Denn: Der Schweiz und der Schweizer Börse wurde sofort nach dem SNB-Entscheid von vielen Experten ein tiefer Fall vorausgesagt – beispielsweise kappten schon am Tag danach reihenweise internationale Analysten ihre Kursziele für Schweizer Titel –, und nun zeigt sich immer häufiger: Die Ängste waren meist völlig übertrieben. Die grossen Kursverlierer vom Januar entwickeln sich jetzt zu Top-Performern.

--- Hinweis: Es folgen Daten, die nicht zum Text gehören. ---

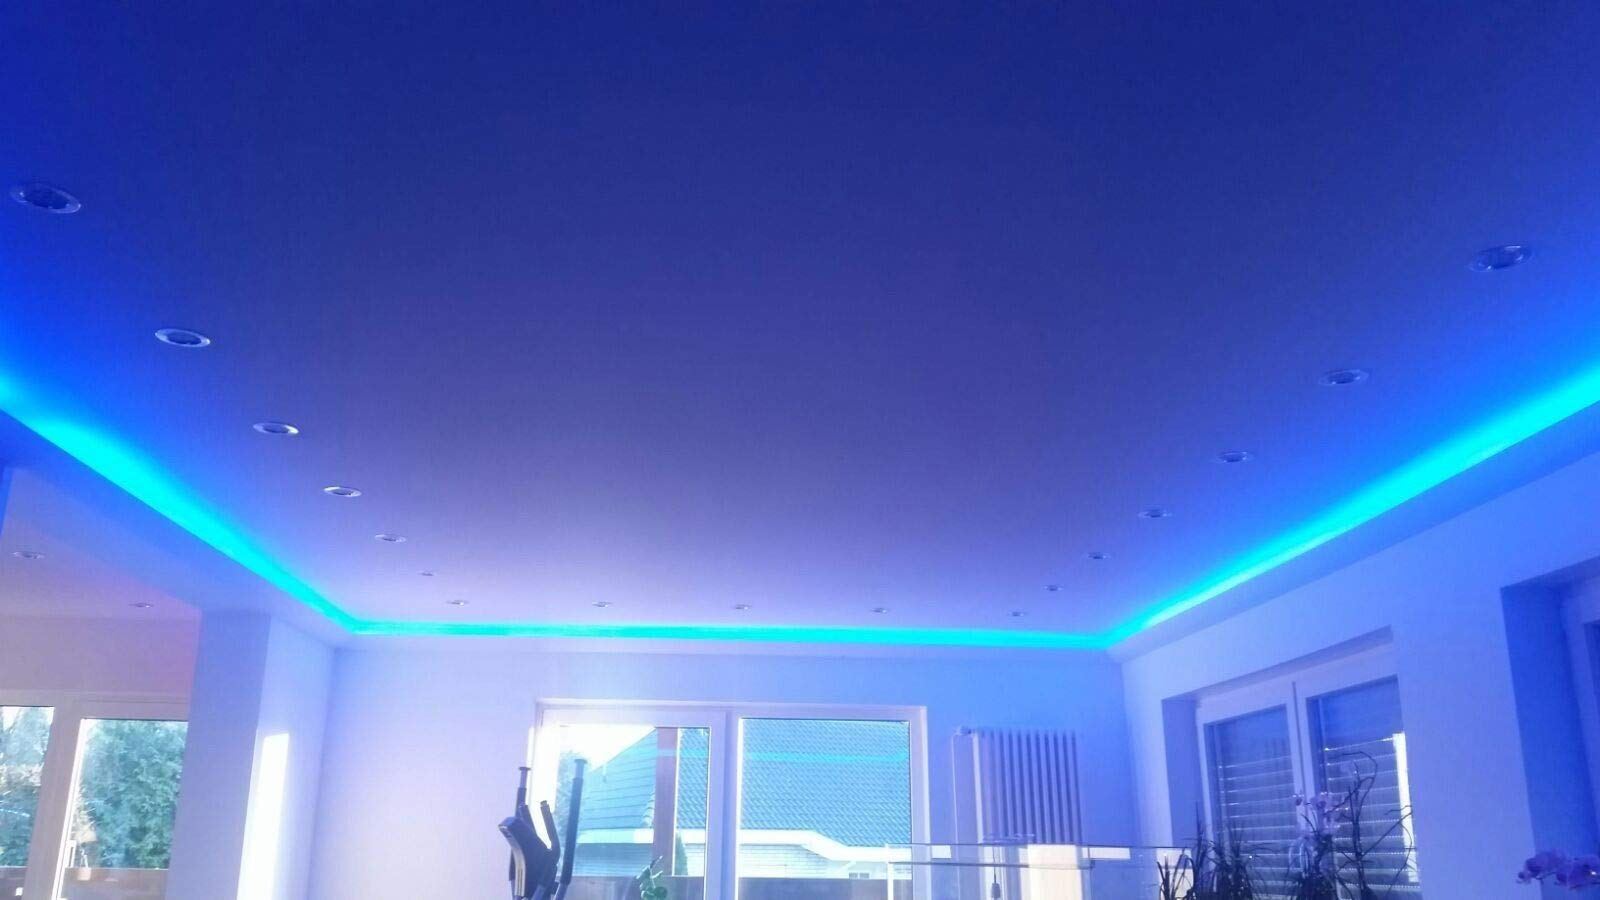 BL 04 26 m + 5 esquinas Perfil de iluminaci/ón LED para techo

Kardex: Von wegen Nachteil

Beispiel Kardex: Die Aktie des Spezialisten für Lager- und Regalsysteme rutschte Mitte Januar im Gleichschritt mit dem SMI nach unten. Hätten Anleger jedoch genauer hingesehen, wäre ihnen aufgefallen: Kardex ist mit starkem Produktions- und Absatzfokus im Euroraum und Bilanzierung in Euro vom starken Franken nicht so sehr betroffen. Tatsächlich kam es nach dem tiefen Fall Mitte Januar schrittweise zur Kurserholung bei der Aktie.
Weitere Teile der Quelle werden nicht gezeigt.